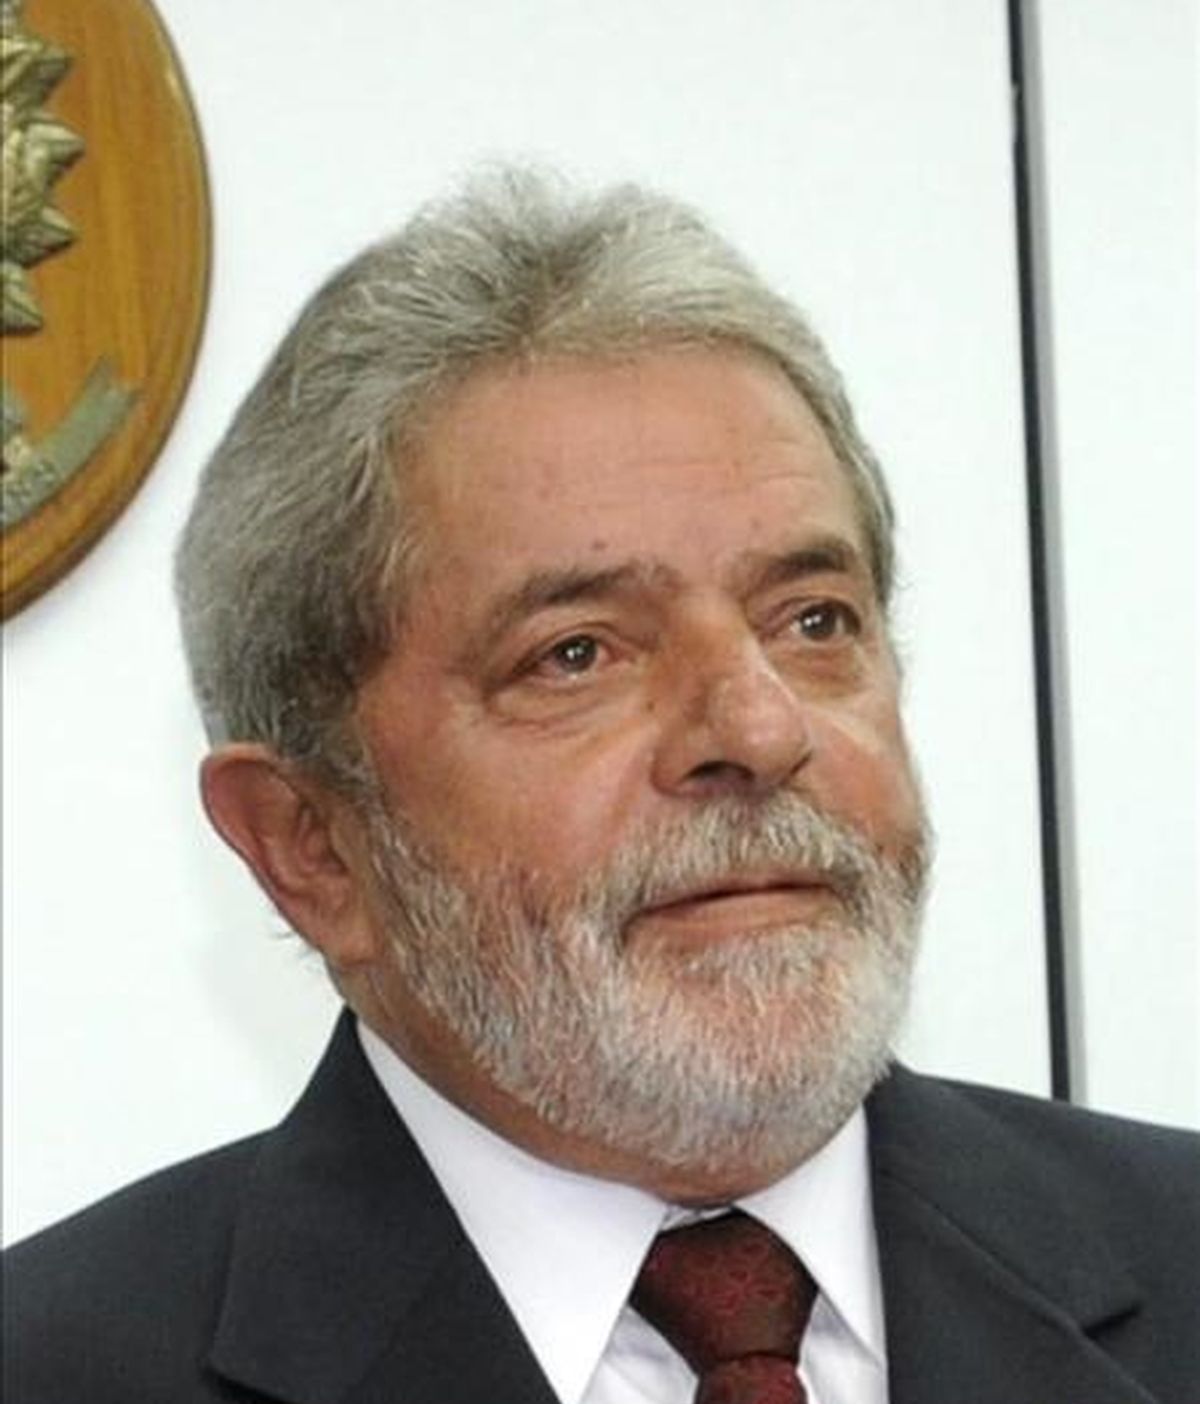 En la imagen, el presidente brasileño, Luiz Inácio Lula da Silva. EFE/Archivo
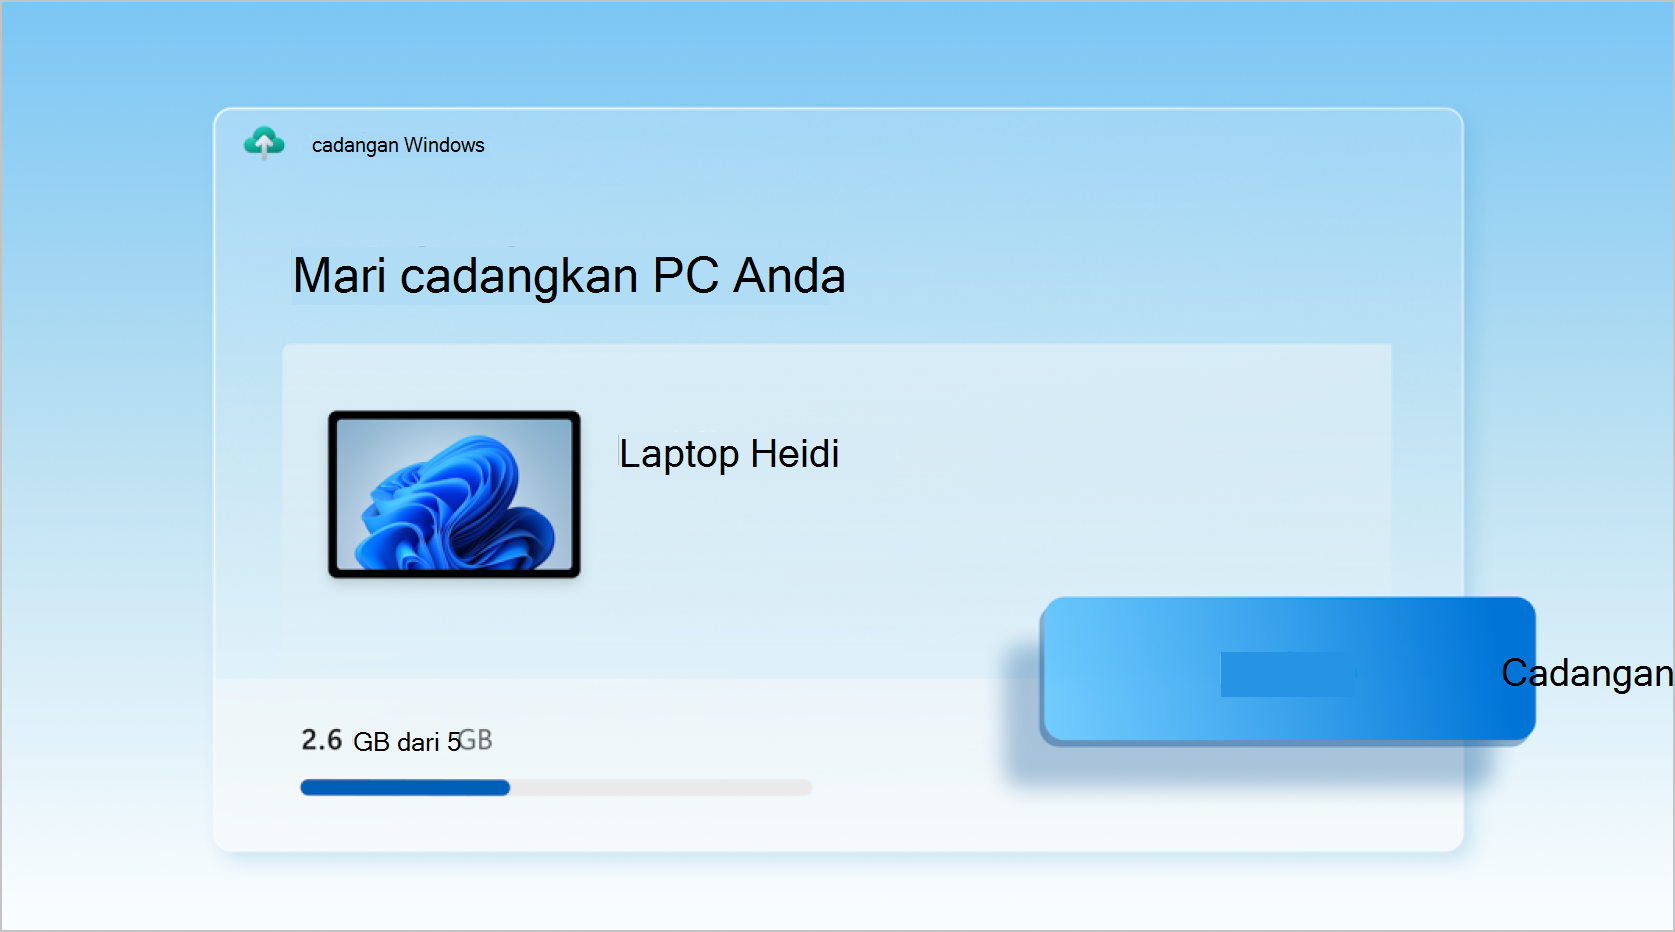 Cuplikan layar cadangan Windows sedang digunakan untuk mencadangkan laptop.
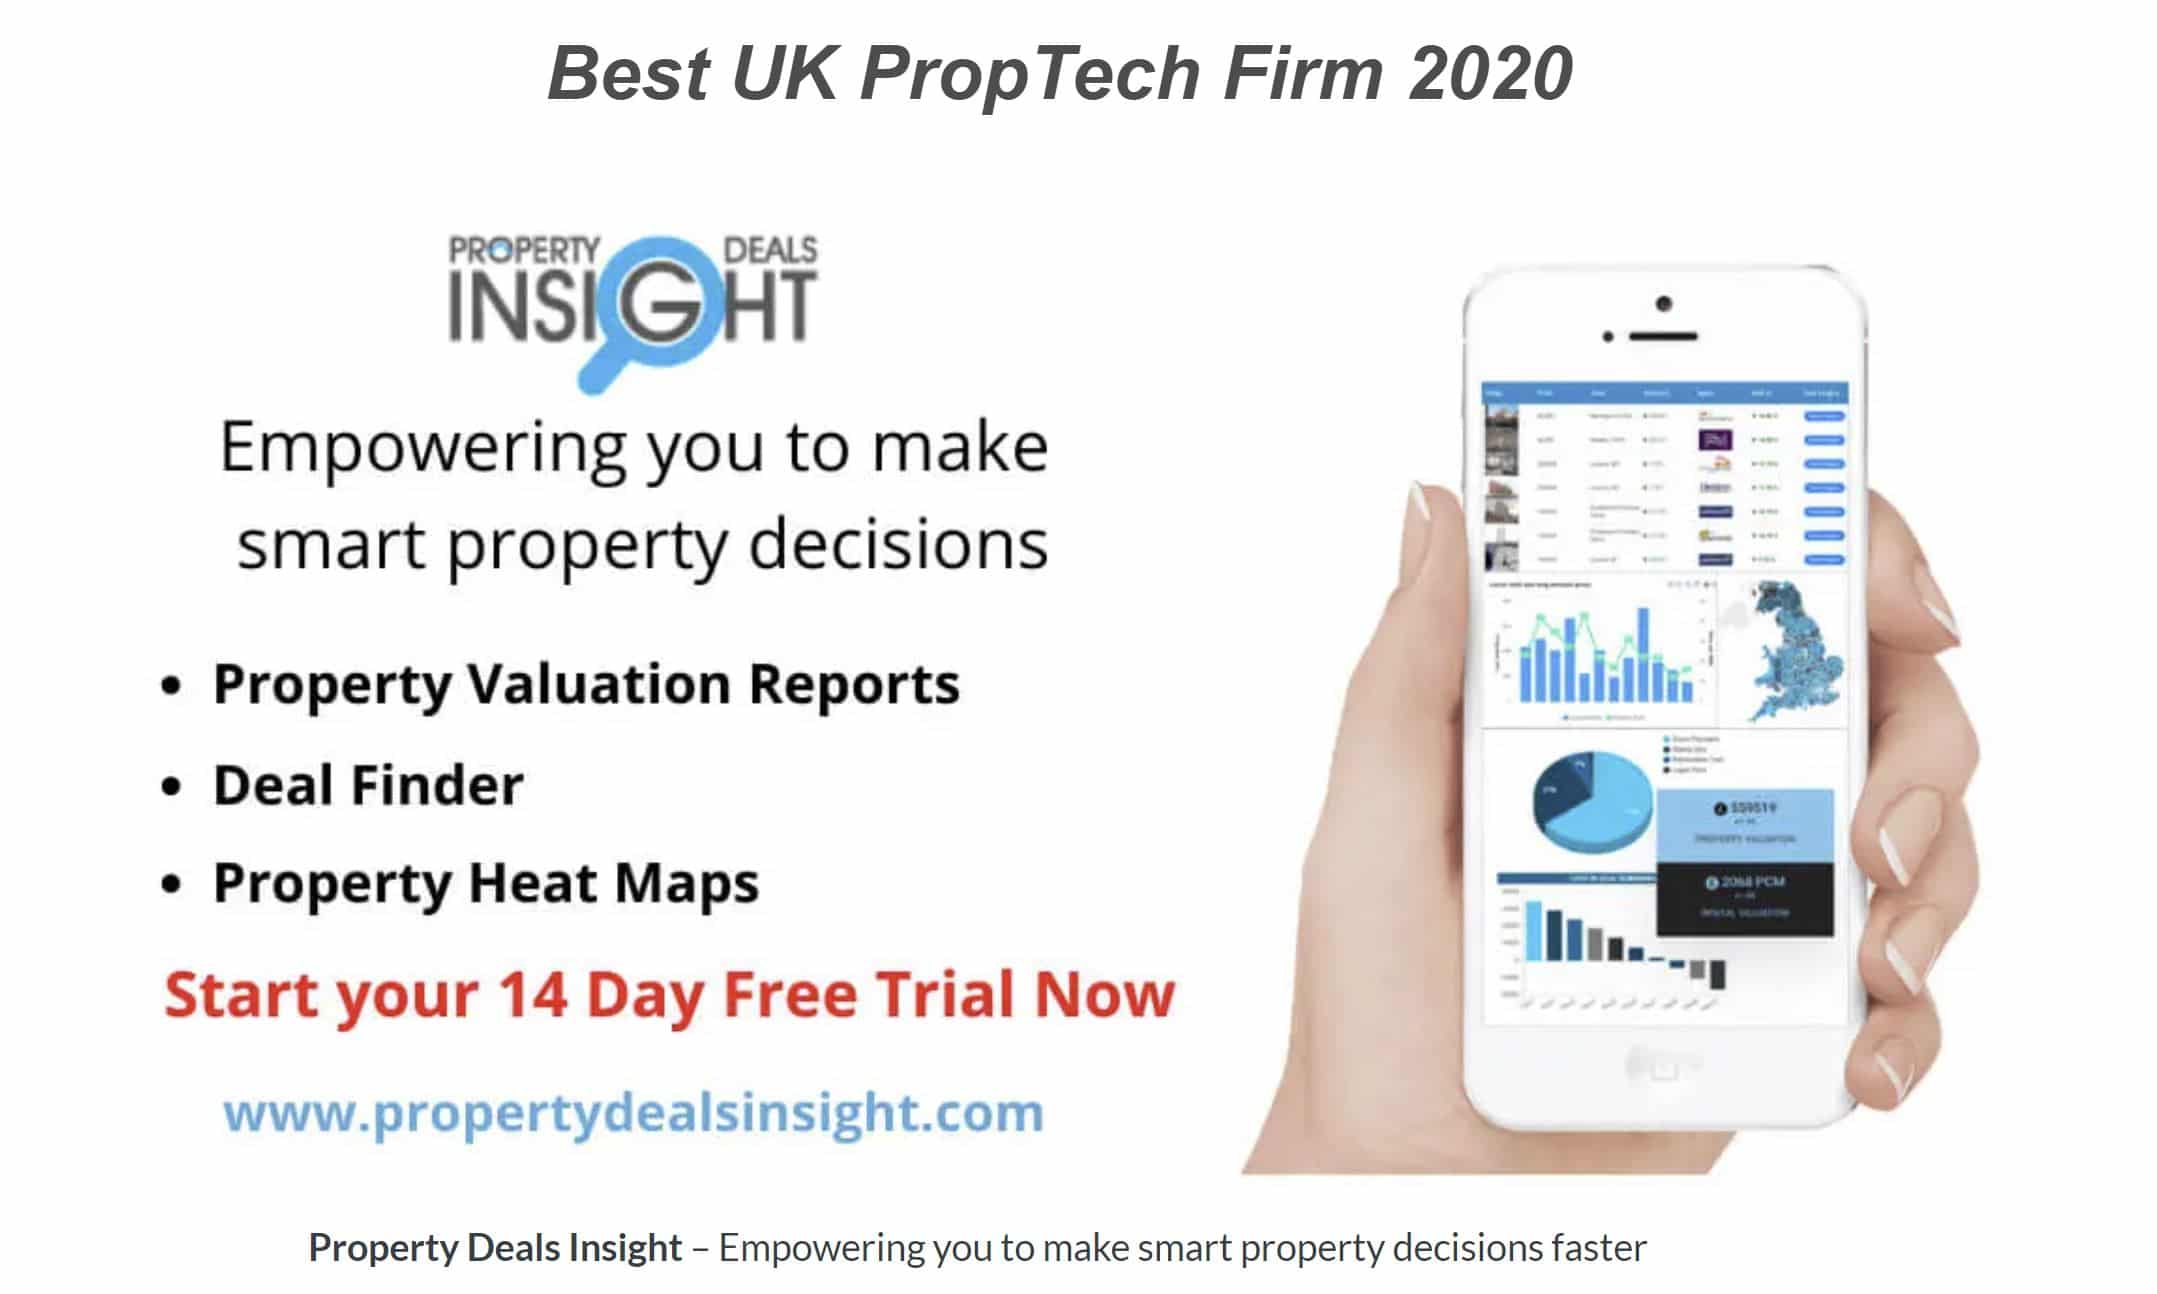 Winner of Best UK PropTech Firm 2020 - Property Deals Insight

• Work to complete:
Write the lines above out again exactly, without any of their pictures.

• Final answer:
 En la imagen, el presidente brasileño, Luiz Inácio Lula da Silva. EFE/Archivo
 Cuplikan layar cadangan Windows sedang digunakan untuk mencadangkan laptop.
 Winner of Best UK PropTech Firm 2020 - Property Deals Insight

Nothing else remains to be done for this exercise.